I've always been aware of certain differences between us here in Canada vs those in the USofA, and your post confirms one more I can add to my list.Oh, it existed all right, all over. As someone said above, you were very lucky in your situation. And as you said above, maybe it was because of the European background in your family; that could well be. I've read a lot of history and it seems like the happy background situation you experienced has never been really prevalent in the U.S.; a lot of the letters, diaries & journals from the beginning of this country seem to feature a (maybe American) preoccupation with money, money, money.

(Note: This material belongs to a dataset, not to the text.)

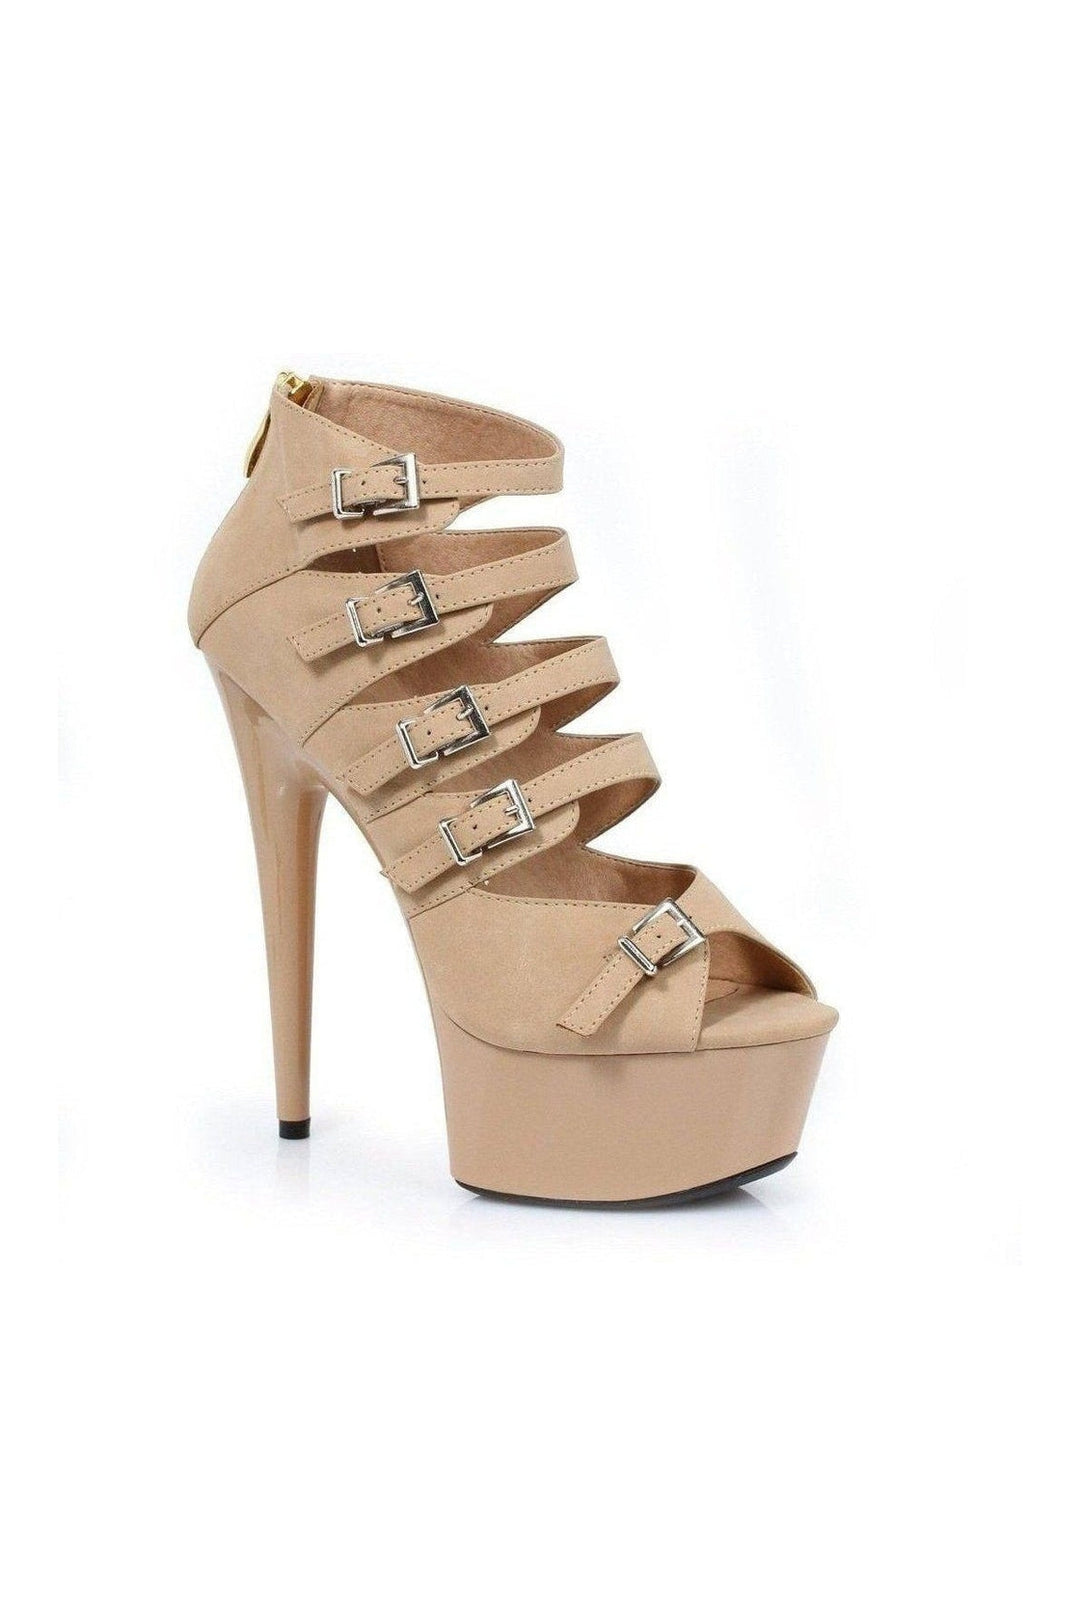 609-UNA Platform Sandal | Nude Faux Leather-Ellie Shoes-Nude-Sandals-SEXYSHOES.COM
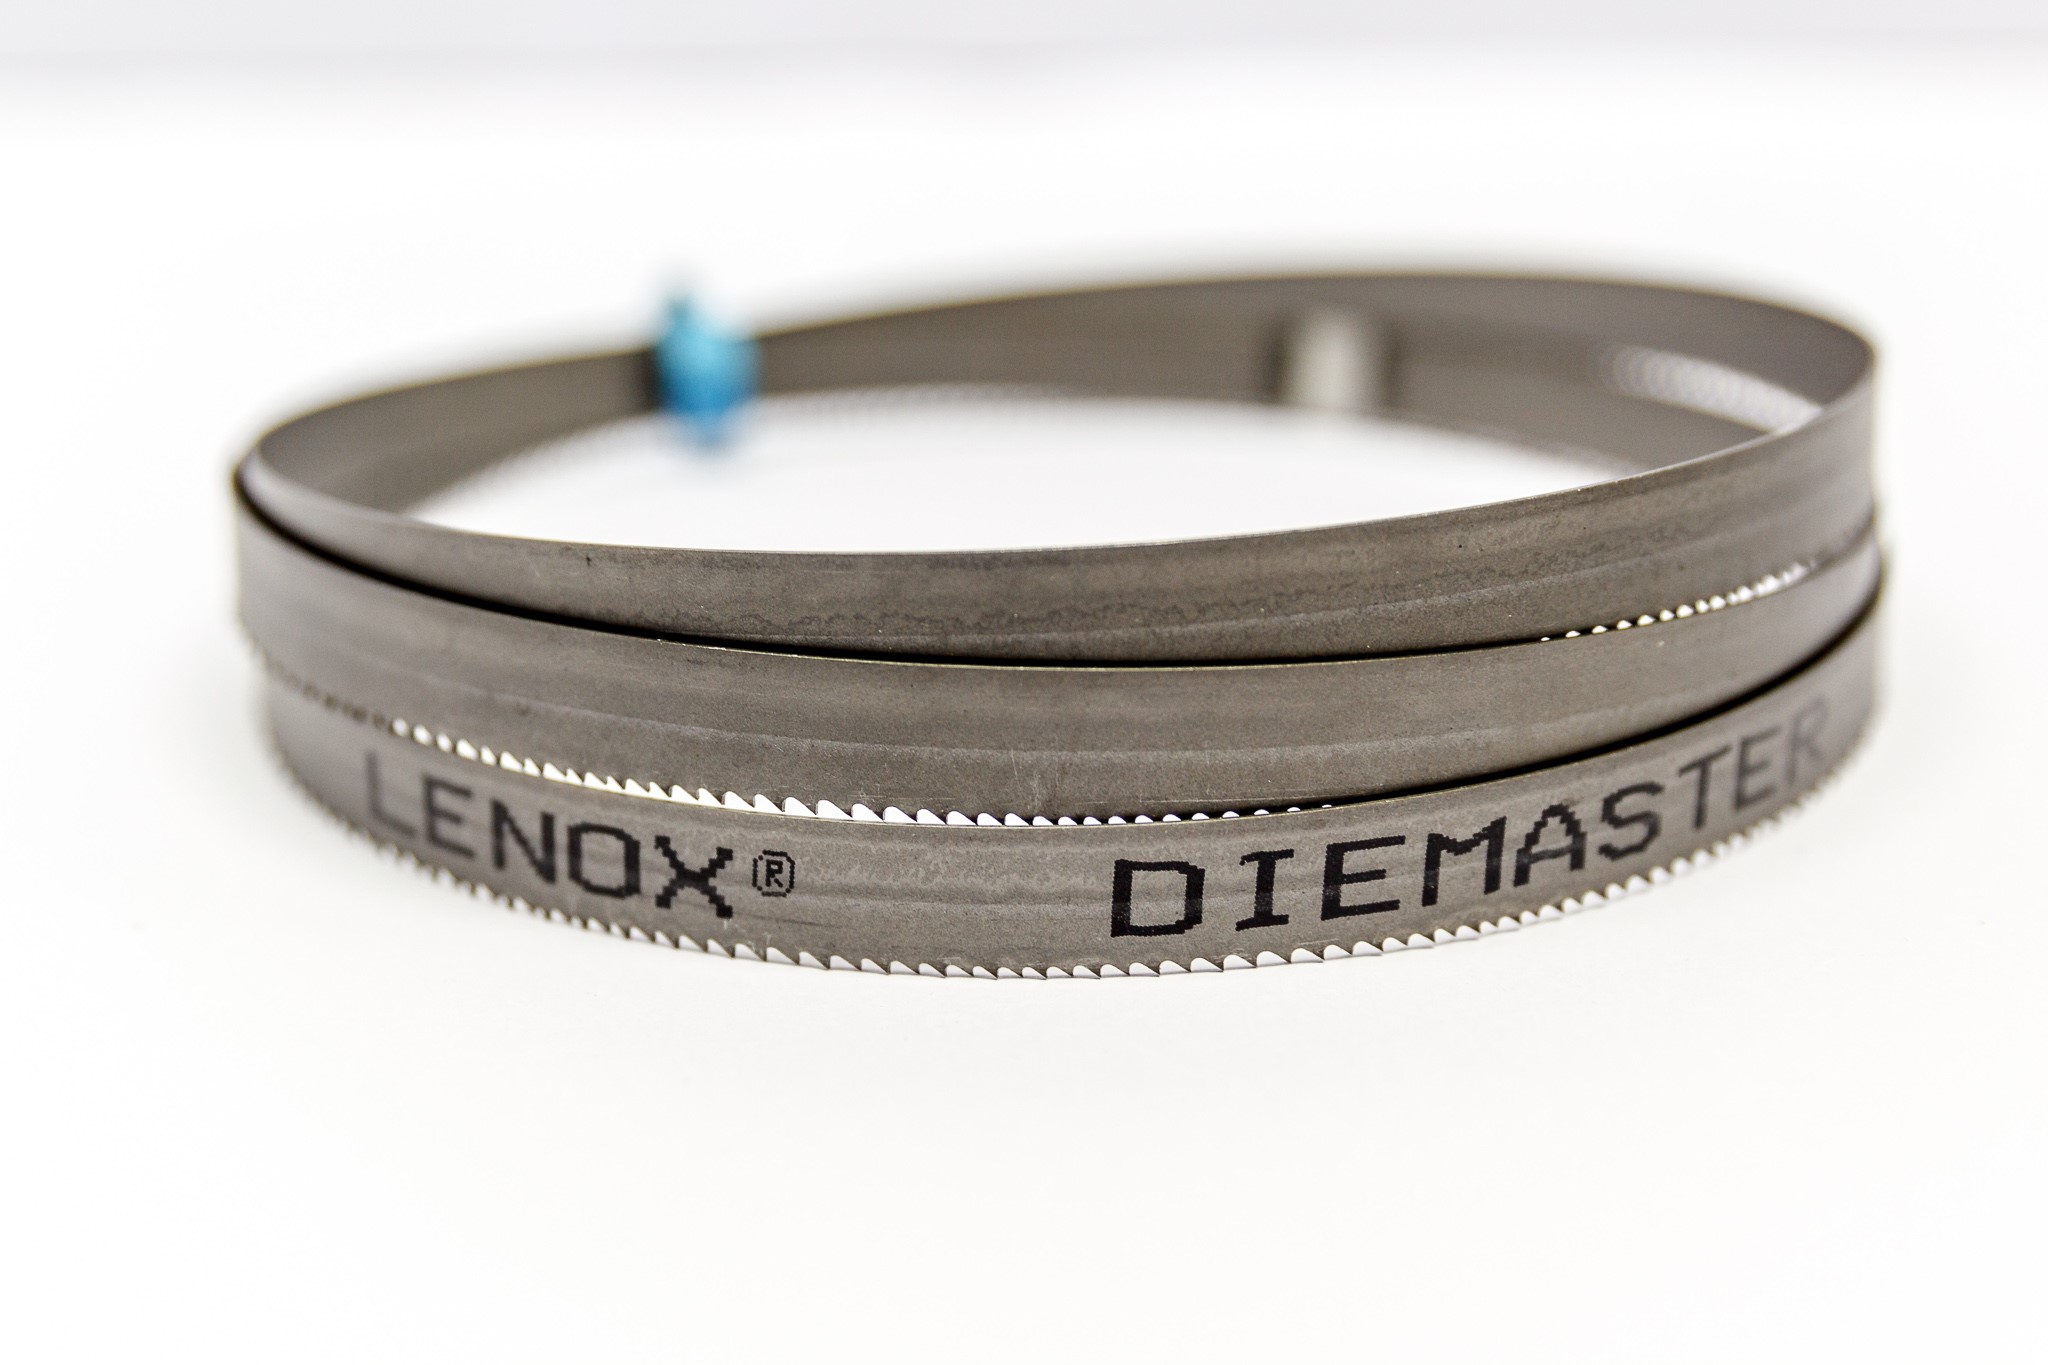 Lenox Diemaster Sägeband online kaufen | Sägeband-Manufaktur.de | Sägeband  Manufaktur | Qualität am laufenden

So that kind of sit-com, 50s-early 60s, everybody being happy with mom staying home with the kids was a 20-some-year aberration. Up 'till about the time the Indus. Revol. was really taking a hold in the U.S., women of course didn't work outside the home but they were mostly farm women who reeeealy worked their butts off (still do the few who still exist) or else rich women. And what I and many others have experienced of what happened to women who because of money had to work outside the home (and therefore added everything they were doing before, all the housework, in addition to now working outside the home), I don't think very many women at all did it just because of women's lib. They may have said that to make themselves (or their husbands, gotta remember that male ego) feel better about the fact that he didn't make enough $$ for her to stay home.
So the that time period of the happy, stay-at-home mom was such a small amount of time--ask any historian; they laugh their butts off at a measly 20-year time frame for anything--that I don't think it should ever be counted on as coming back again. I think that probably the worst thing you could do to a daughter is get her hopes up for that kind of life when she most likely would never get it; maybe sad (to some) but true.